“‘完形人’?我不清楚。”
看来这个“完形人”的概念是大卫对他们的称谓,而他们自己并不知情。
“据廖婉婷所说,她自己就是‘完形人’。还称是被某种生物侵入。”
我试探性地提问,由于我与钱之林从未谋过面,也不了解其脾气秉性,万一要是像廖婉婷那样喜怒反复无常,我就真不知道该如何把谈话进行下去了。
果然我的话激起了钱之林的反应,他的大脑开始出现一种‘波频’,我感受到了一种异样的感觉。
但那感觉极其微小,短暂过后,他接着回应道:“她真的这么说吗?”
“嗯。”
钱之林的大脑出奇的平静,没有任何思想,我一度以为信号又中断了。
终于他叹了口气后说道:“那也许我也是吧。”
他有些许地无奈地说道:“我自小在国外的姑妈家长大,我的父亲也从来不提让我回国的想法,也从来没有表示过对我思念。也许父亲都是不善言辞的吧。”
“但那种寄人篱下的感觉,这种心情也许只有真正经历过的人才会懂,寄人篱下的日子真的难过。受了委屈只能自己扛着,那时候年纪小,想离开又没有勇气。”
“从大学时期开始,我就多次提出要回国内去,都被父亲无情严厉地拒绝了!”
“直到我在‘脸书’上认识了廖婉婷,那时她还是国内某知名旅行团的导游。”
“正是由于我对中国的好奇,再加上她很热情地像我介绍了很多国内的旅游景点。我想回到国内的心情就更加的强烈了。”
“但,让我决定回国的,是她给我寄了一样东西!”
此时我感觉到他的神经开始绷得紧紧的,他的周围,我的周围如此安静,只听得到心跳发出“咚咚咚”的响声,让我有种莫名地紧张感,他深吸呼,调整了一下心态。
接着开始用脑集中思考起来,好像是在回忆什么,又好似是极其痛苦。
他在做这一段长长的叙述的时候,我只可以在脑中“感应”的到,而非语言之间的沟通交流,人与人之间用语言交流的魅力就是在于,你可以用多个感官去参与。
可以“听”、可以“看”、可以通过观察对方的微表情,以及肢体的语言来判断他此时的心情,以及他说的话的真伪,和感情的起伏等等。

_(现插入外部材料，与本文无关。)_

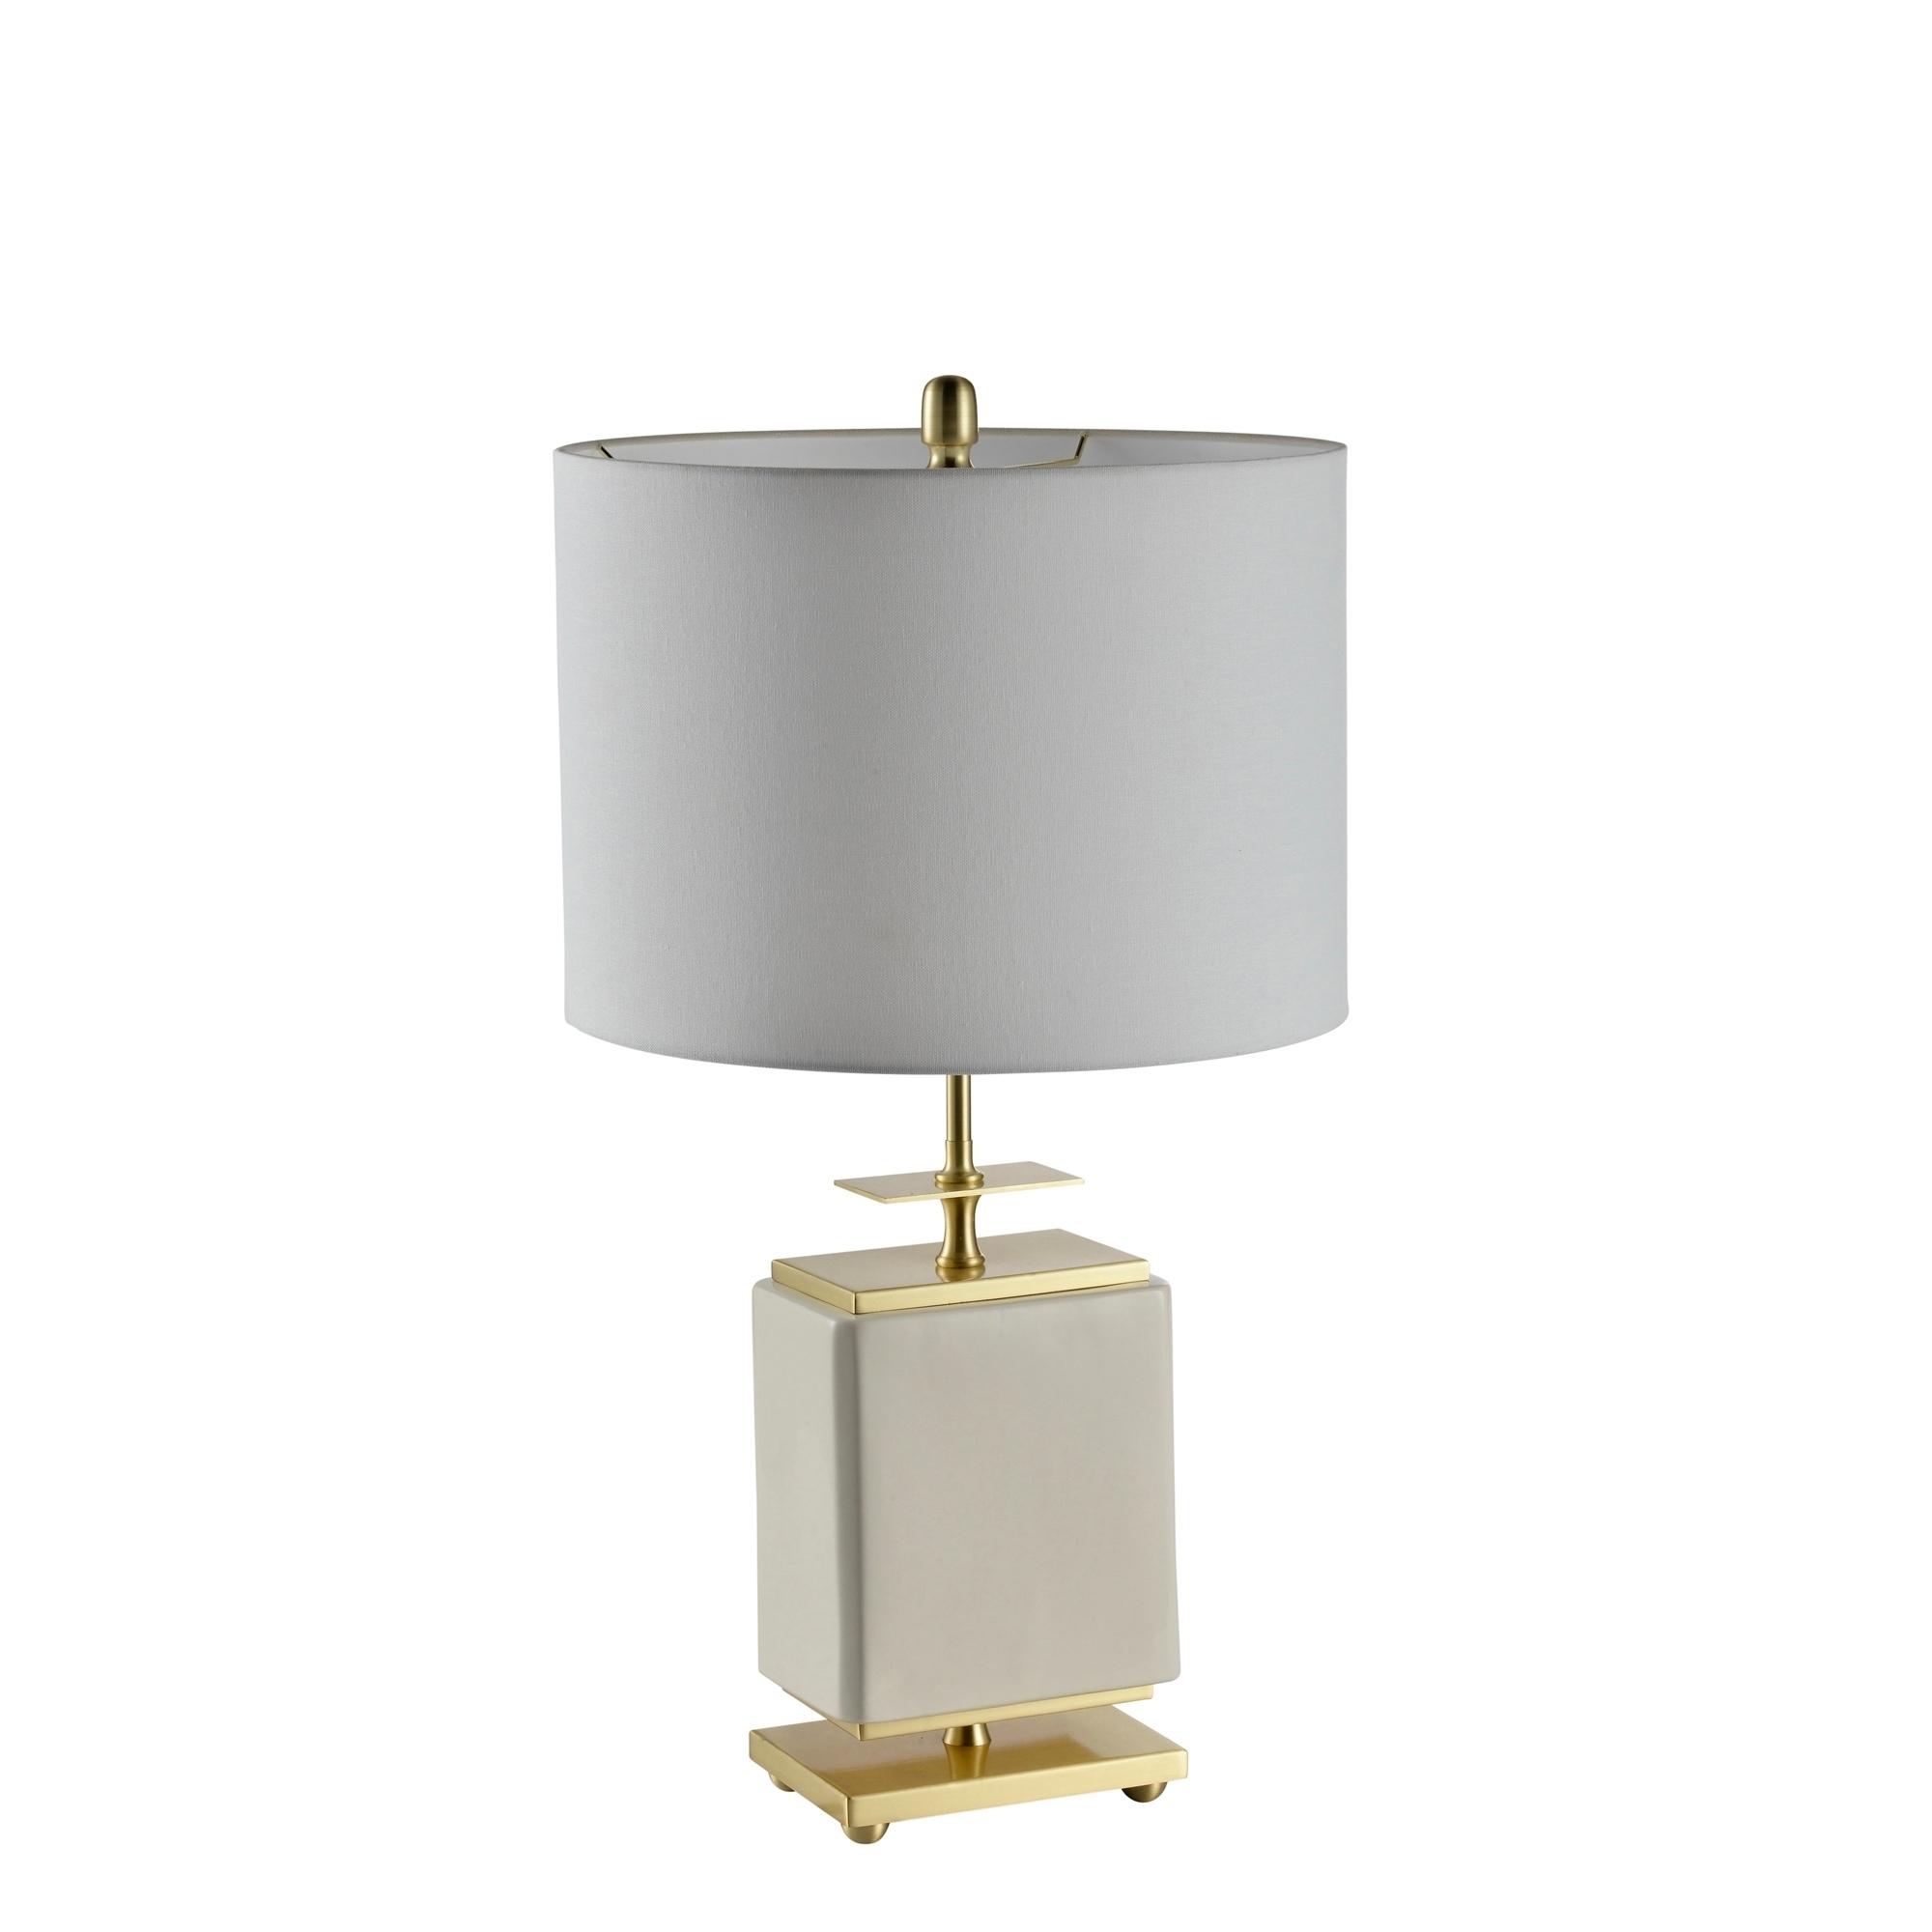 Ceramic Square Table Lamp White Gold 28 Overstock 25623637

但现在,我只能努力地摒弃掉我的“思考”和“意识”,才能去真切地感受到他的情绪起伏,才能体会他此时的心境如何。
就在等待的间隙,胖子翻了个身掉在了地上!
随着他闷哼一声,我的思绪也被拉了回来。
奇怪?最近几次与钱之林的联系,总是会很容易受到干扰而断开。
在我想重新联系他时,发现已经过去两个小时之久了,精神已消耗了太多。只好暂时先停下此次的联络。
我洗漱完毕后,去到了餐厅处用早餐。这才发现来到这里的几天,都没有好好地吃过一次早餐。
早上的餐厅跟中午晚上之时不同,供应的时间短,大多数人还是会为了身体的健康,而起个大早来到这里食用早餐。
午餐或晚餐时供应时间相对较长,由于工作性质的不同,有的人需要忙于工作,所以饭点就会赶不到一块去。
所以最大不同的一点就是,你可以在这里遇到很多你不曾谋面的人,也可以见到很多平时因忙碌于工作当中,而见不着面的人。
比如,大卫的助理露西,研研,廖婉婷。以及其他科室的我不相识的人。
还有,罗茜!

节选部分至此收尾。